What you have to do – Would you restate the full listing word for word and omit its pictures?

Raw data –
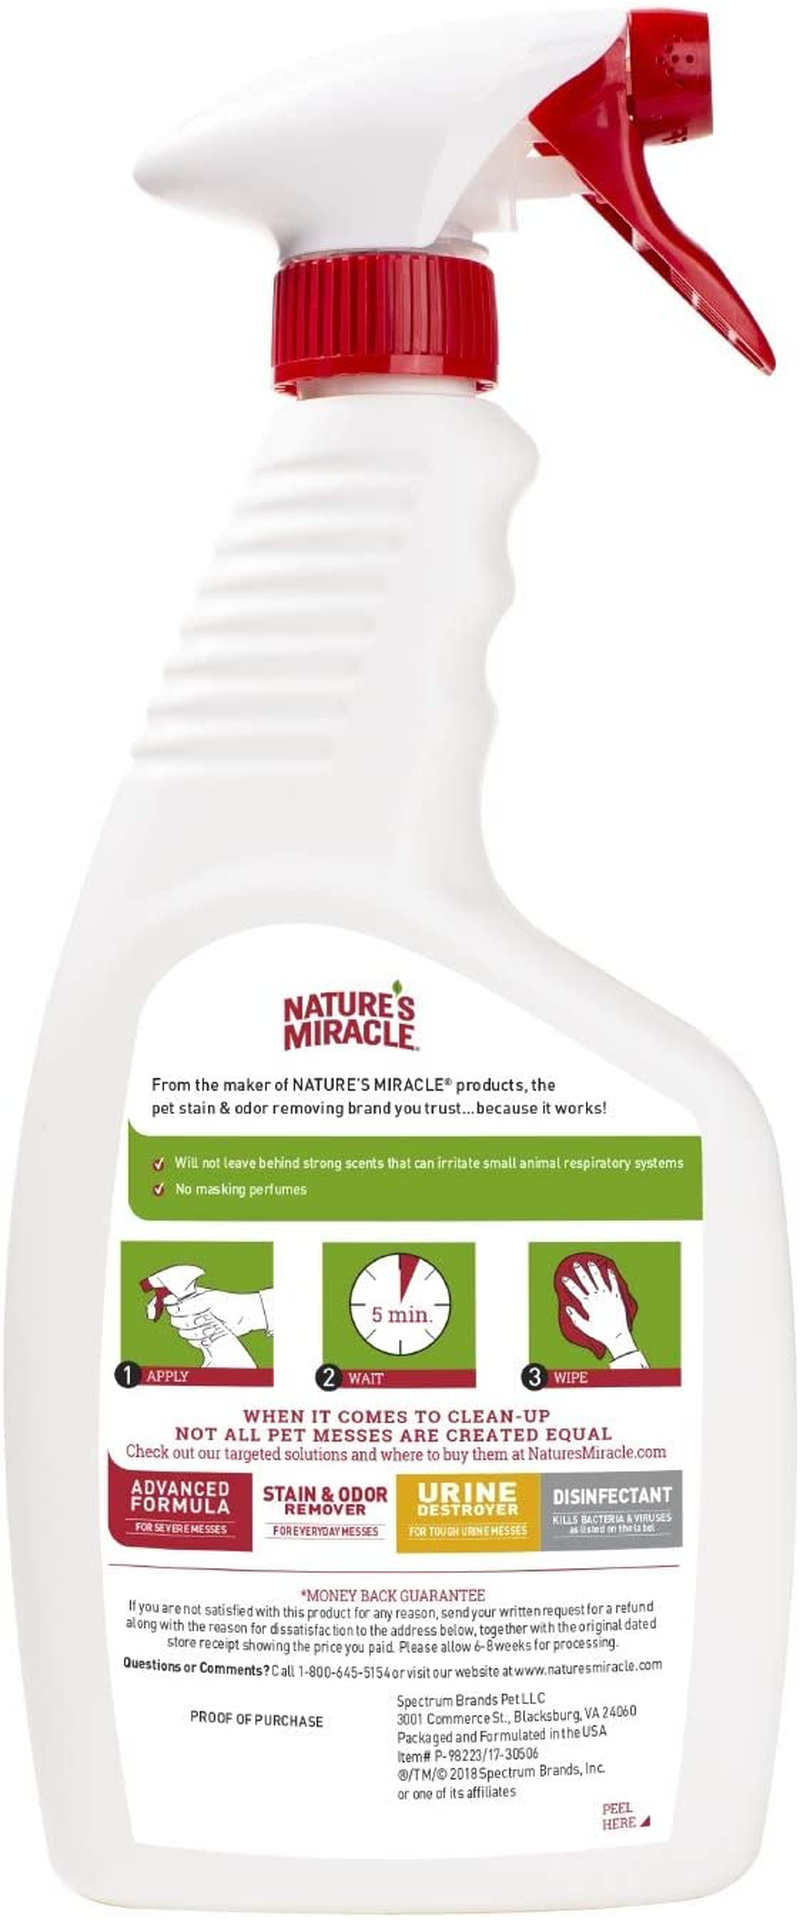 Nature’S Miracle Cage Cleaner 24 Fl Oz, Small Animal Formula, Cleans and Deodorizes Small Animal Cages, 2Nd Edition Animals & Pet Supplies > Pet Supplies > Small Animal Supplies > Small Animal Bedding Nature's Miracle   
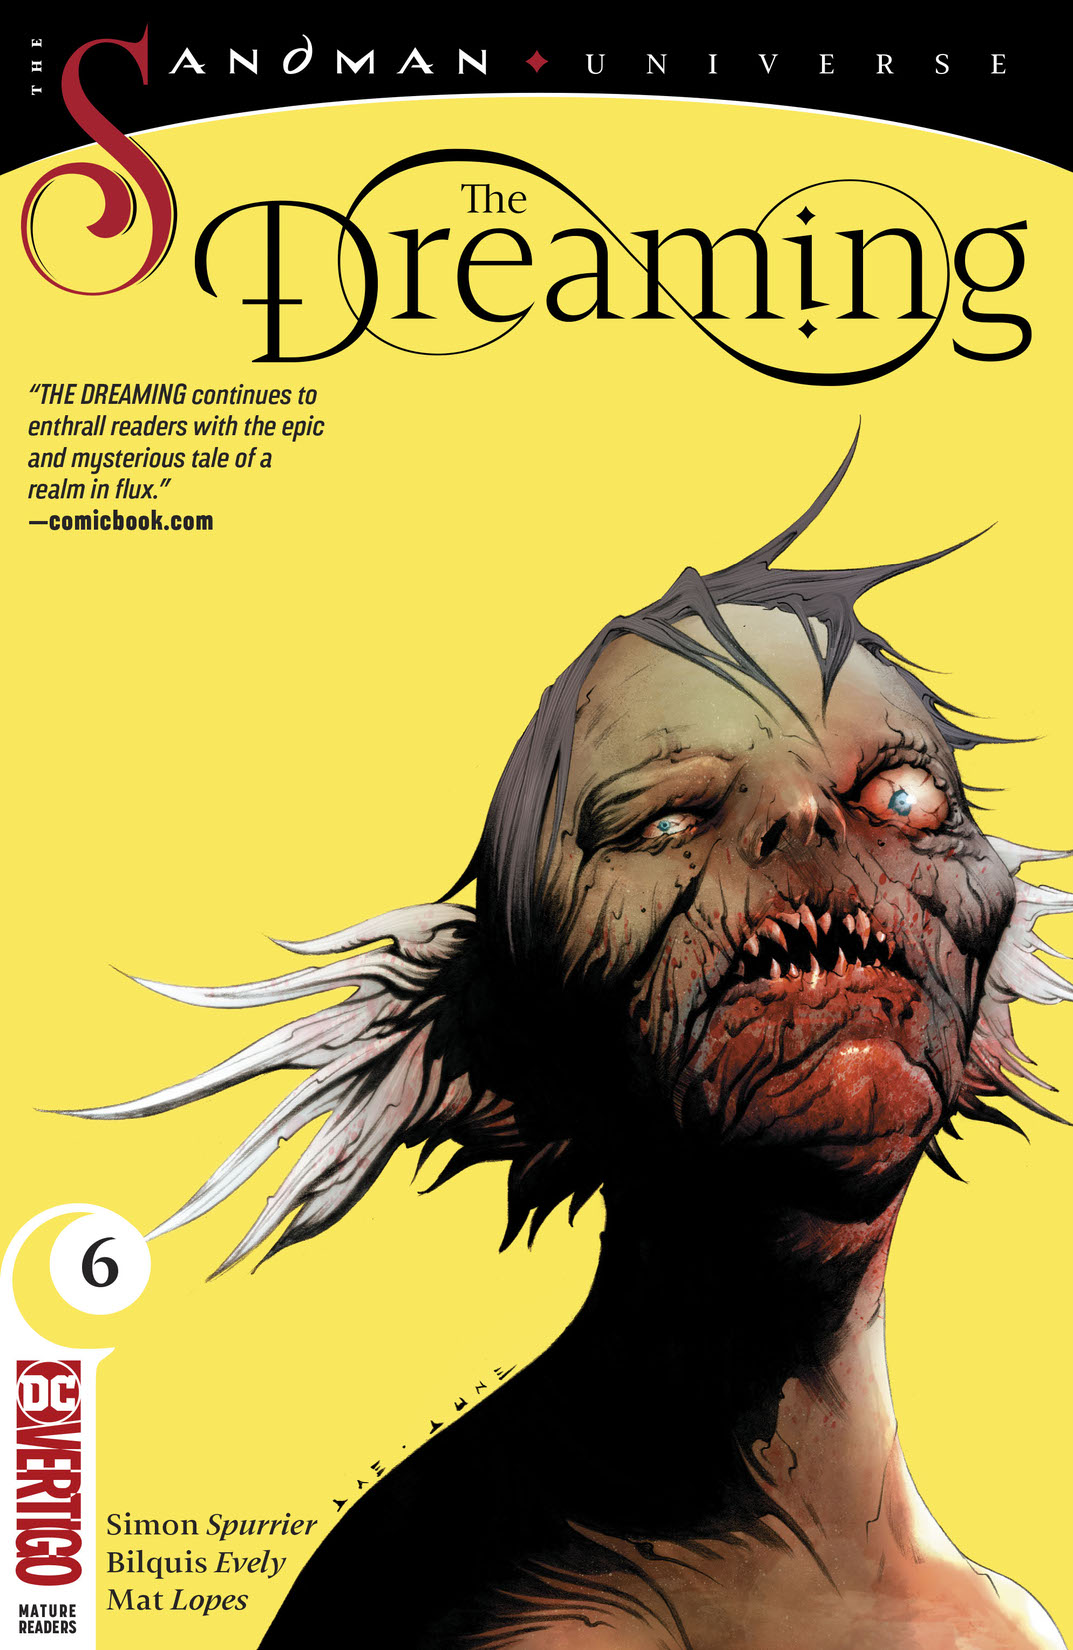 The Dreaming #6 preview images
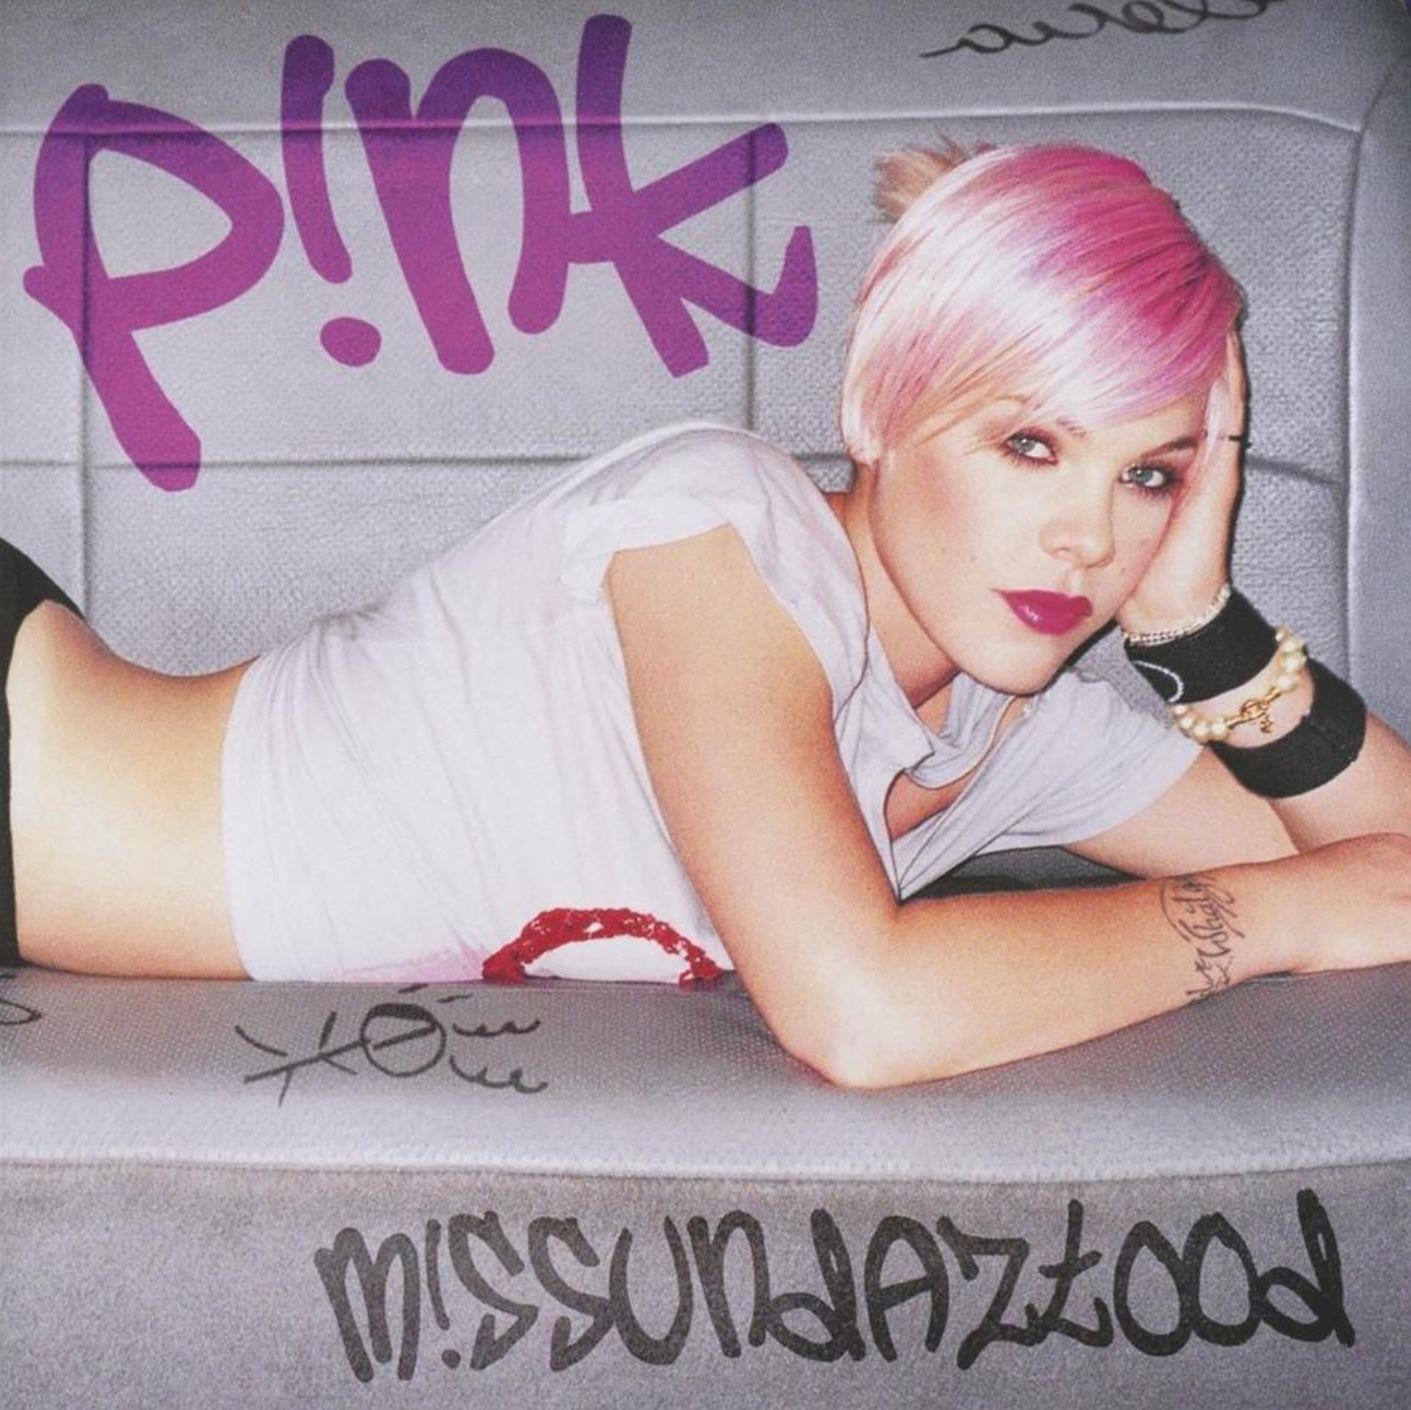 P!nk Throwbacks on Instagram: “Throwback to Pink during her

Reply to the exercise –
 Nature’S Miracle Cage Cleaner 24 Fl Oz, Small Animal Formula, Cleans and Deodorizes Small Animal Cages, 2Nd Edition Animals & Pet Supplies > Pet Supplies > Small Animal Supplies > Small Animal Bedding Nature's Miracle   
 The Dreaming #6 preview images
 P!nk Throwbacks on Instagram: “Throwback to Pink during her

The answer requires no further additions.